Background and Methods

The investigators recruited individuals that had PsA diagnoses and had also not yet been given Disease-Modifying Antirheumatic Drugs (DMARDs) in the Dutch southwest Early Psoriatic Arthritis cohoRt (DEPAR) beginning in August 2013. The team established PsA diagnosis based upon the expert evaluations of rheumatologists.

Data used in this analysis was drawn up to March 2023, with the research team covering all consecutive individuals who had enrolled between 2013 - 2020. This ended up totaling 720 patients, and the team noted that 98% of the PsA patients had diagnostic delay information that was accessible for the study.

Newly diagnosed individuals with PsA were the main focus of the study, and they would not have begun DMARDs or had a follow-up meeting within at least 3 years within the Dutch southwest Early Psoriatic Arthritis cohoRt. The investigators ended up calculating the total delay of diagnosis, representing the time from patients’ symptom onset to diagnosis done by a rheumatologist, and then they segmented such delays into patient and clinician components.

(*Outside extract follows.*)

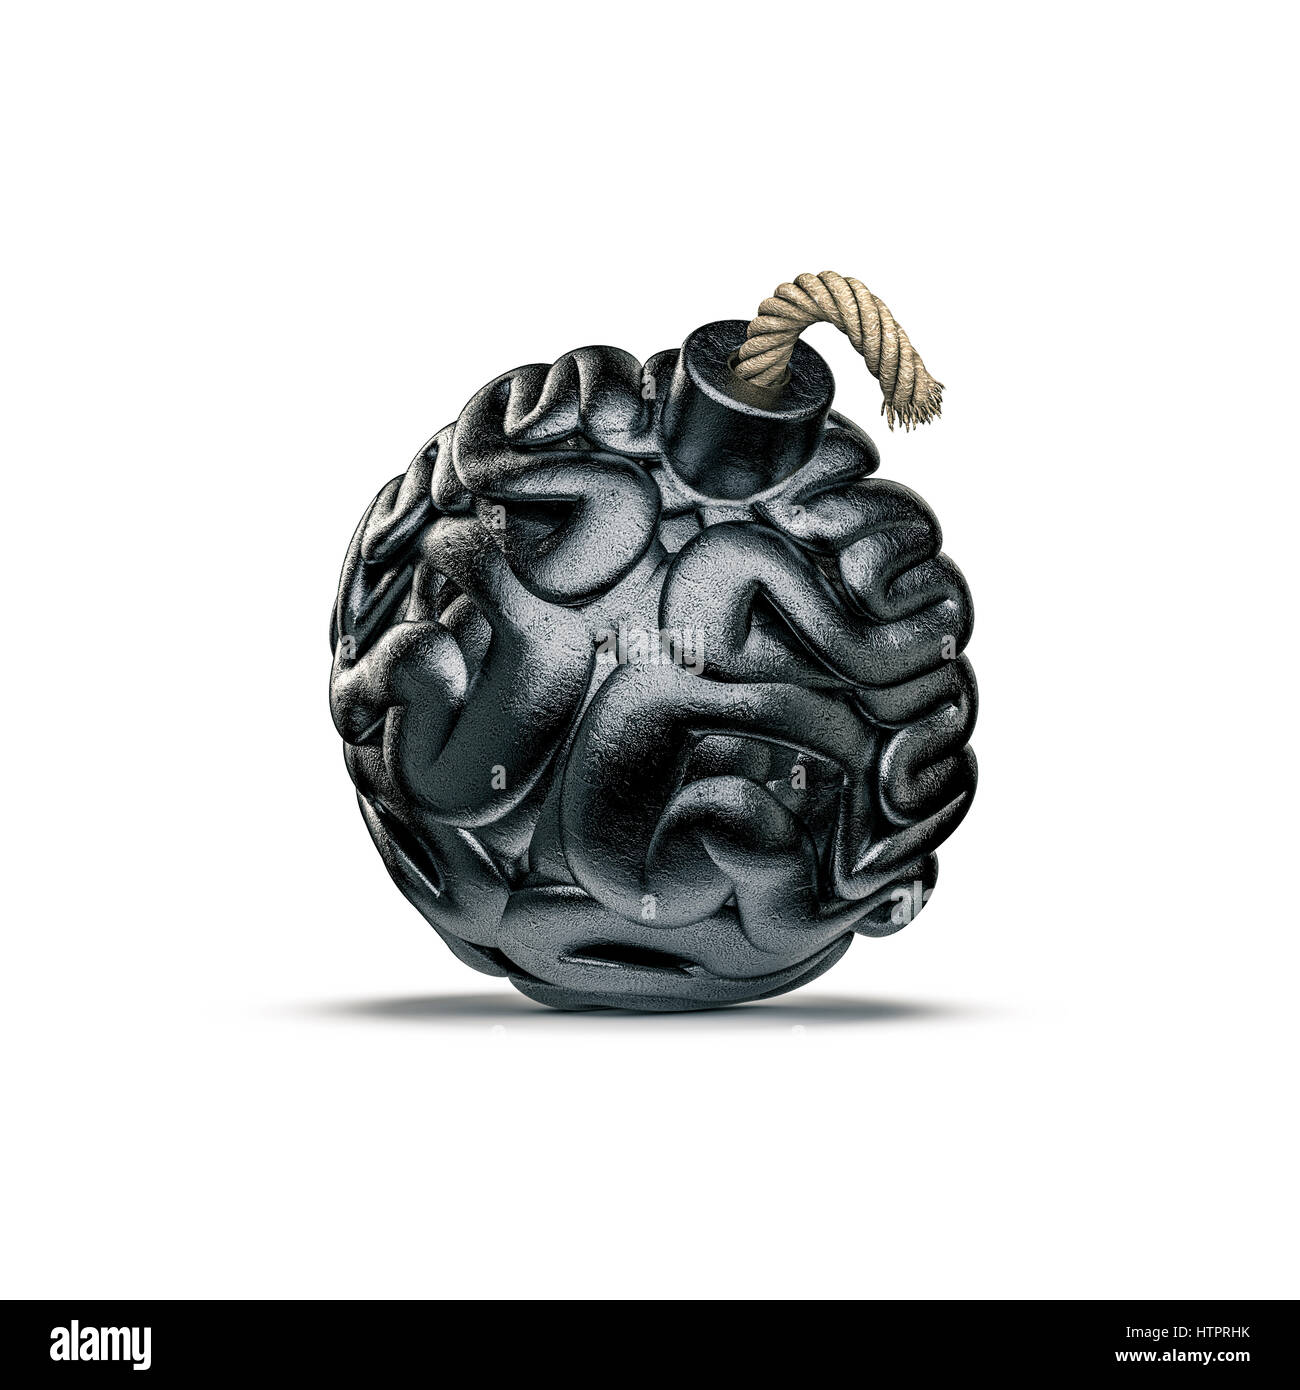 Gehirn-Bombe-Konzept / 3D-Illustration Metall Bombe mit Sicherung geprägt wie menschliches Gehirn Stockfoto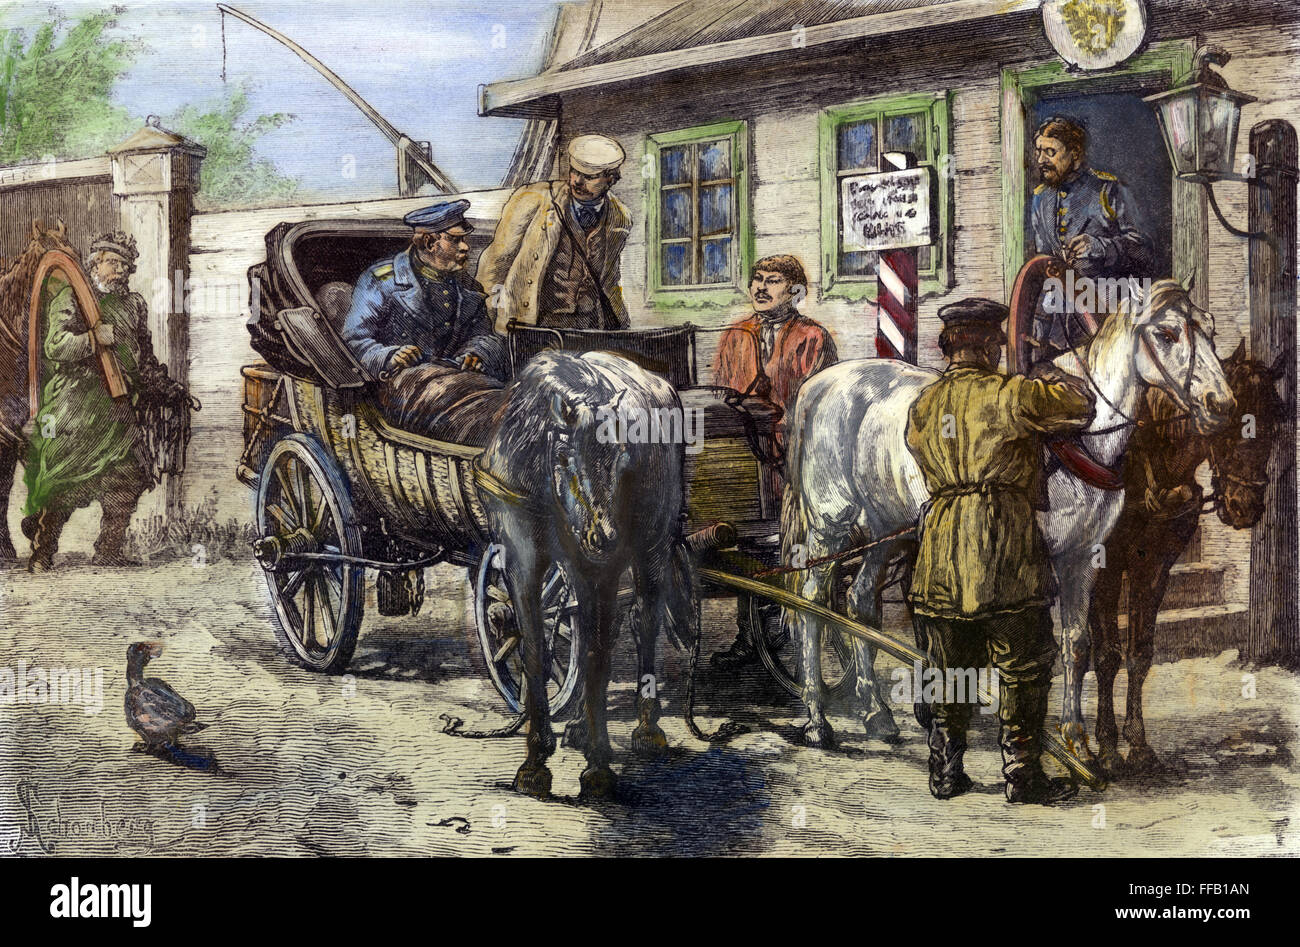 RUSSIA: Siberia, 1882. /Nla modifica di cavalli presso un ufficio postale durante il viaggio in Siberia. Incisione su legno, inglese, 1882. Foto Stock

The research team categorized the subjects’ total delay duration into periods known as short (<12 weeks), as intermediate (12 weeks - 1 year), or as long (>1 year). Such categories were then compared by the team as far as clinical outcomes such as Minimal Disease Activity (MDA) and Disease Activity index for Psoriatic Arthritis (DAPSA) remission.

The investigators also looked at patient-reported outcomes (PROs) over a 3-year follow-up period during their research.

Findings

Overall, the research team ended up looking at the data of 708 study participants with PsA, finding that 19% of these subjects were shown to have a short total delay, 33% were shown to have had an intermediate delay, and 47% were shown to have had a long delay in their receiving of PsA treatment. The team measured the delay at 1.0 month for patient delays and 4.5 months for clinician delays.

The team found that those shown to be in the short delay category were also found to be more likely to achieve Minimal Disease Activity (MDA) (OR 2.55, P = .003) and Disease Activity in Psoriatic Arthritis (DAPSA) remission (OR 2.35, P = 0.004) as opposed to the subjects with longer diagnosis delays.

Despite these findings, the investigators noted that PROs indicated the only numerical distinctions that were not statistically significant between the short and long delay cohorts of the study. The team also found that female subjects and subjects presenting with chronic back pain, enthesitis, or normal C-reactive protein levels were shown to have longer delays in their receiving of PsA treatment.

“In conclusion, a shorter time to PsA diagnosis is associated with a greater likelihood of achieving MDA and DAPSA remission over time, suggesting the presence of a window of opportunity in PsA,” they wrote. “This is an important finding because currently ~50% of PsA patients have a diagnostic delay of >1 year. Physician delay is modifiable and reduction of the physician delay is of utmost importance to improve long-term outcomes in PsA.”

References

  1. Snoeck Henkemans SVJ, de Jong PHP, Luime JJ, et alWindow of opportunity in psoriatic arthritis: the earlier the better?RMD Open 2024;10:e004062. Doi: 10.1136/rmdopen-2023-004062.
  2. van der Linden MPM, le Cessie S, Raza K, et al. Long-term impact of delay in assessment of patients with early arthritis. Arthritis Rheum 2010;62:3537–46. doi:10.1002/art.27692.